The following is a summary of the principal federal income tax consequences of certain transactions under the Amended Plan. It does not describe all federal tax consequences under the Amended Plan, nor does it describe state or local tax consequences.

*Incentive Options.* No taxable income is generally realized by the optionee upon the grant or exercise of an incentive option. If shares of common stock issued to an optionee pursuant to the exercise of an incentive option are sold or transferred after two years from the date of grant and after one year from the date of exercise, then (i) upon sale of such shares, any amount realized in excess of the option exercise price (the amount paid for the shares) will be taxed to the optionee as a long term capital gain, and any loss sustained will be a long term capital loss, and (ii) the Corporation will not be entitled to any deduction for federal income tax purposes. The exercise of an incentive option will give rise to an item of tax preference that may result in alternative minimum tax liability for the optionee.
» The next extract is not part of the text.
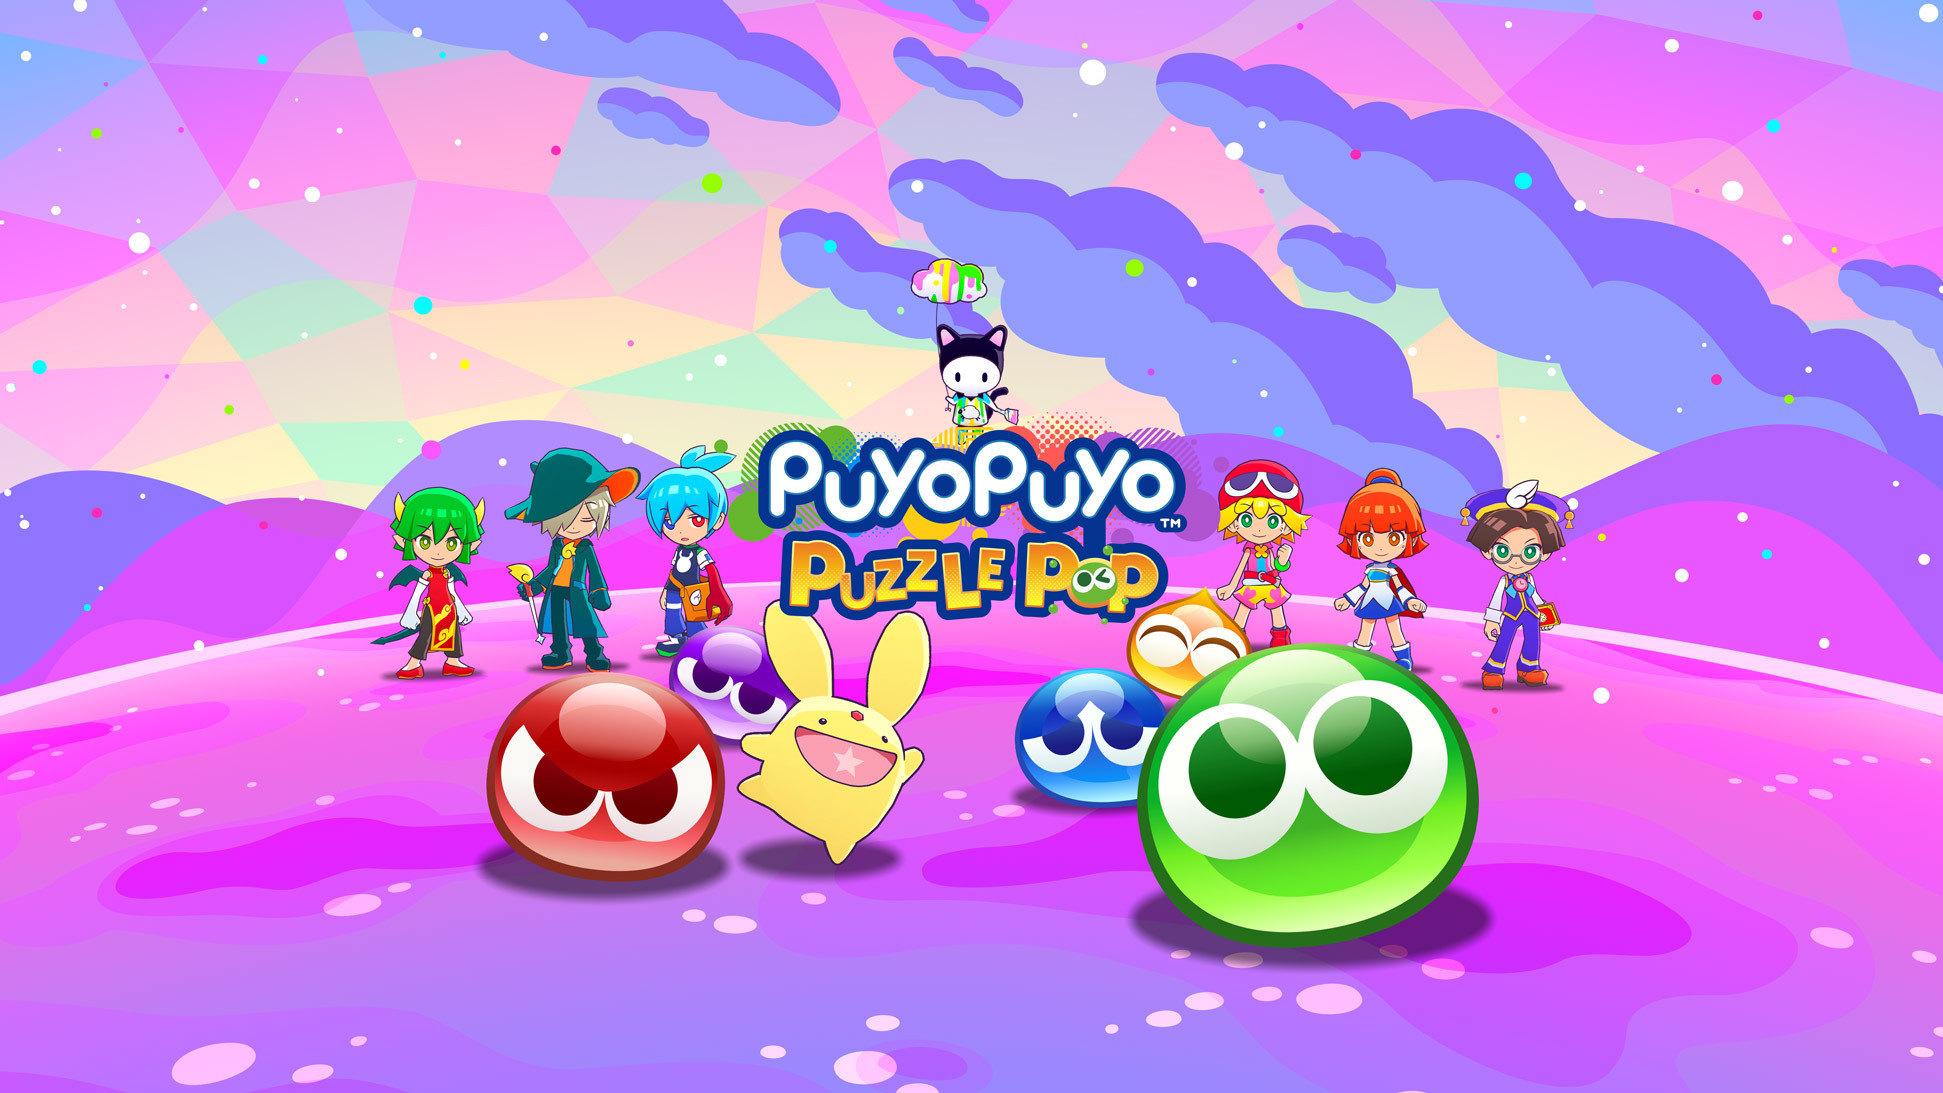 《魔法气泡益智消消乐》现已上架Apple Arcade 收录全新主线故事及4 人线上对战《Puyo Puyo Puzzle Pop》

If shares of common stock acquired upon the exercise of an incentive option are disposed of prior to the expiration of the two-year and one-year holding periods described above (a "disqualifying disposition"), generally (i) the optionee will realize ordinary income in the year of disposition in an amount equal to the excess (if any) of the fair market value of the shares of common stock at exercise (or, if less, the amount realized on a sale of such shares of common stock) over the option price thereof, and (ii) we will be entitled to deduct such amount. Special rules will apply where all or a portion of the exercise price of the incentive option is paid by tendering shares of common stock.

If an incentive option is exercised at a time when it no longer qualifies for the tax treatment described above, the option is treated as a non-qualified option. Generally, an incentive option will not be eligible for the tax treatment described above if it is exercised more than three months following termination of employment (or one year in the case of termination of employment by reason of disability). In the case of termination of employment by reason of death, the three-month rule does not apply.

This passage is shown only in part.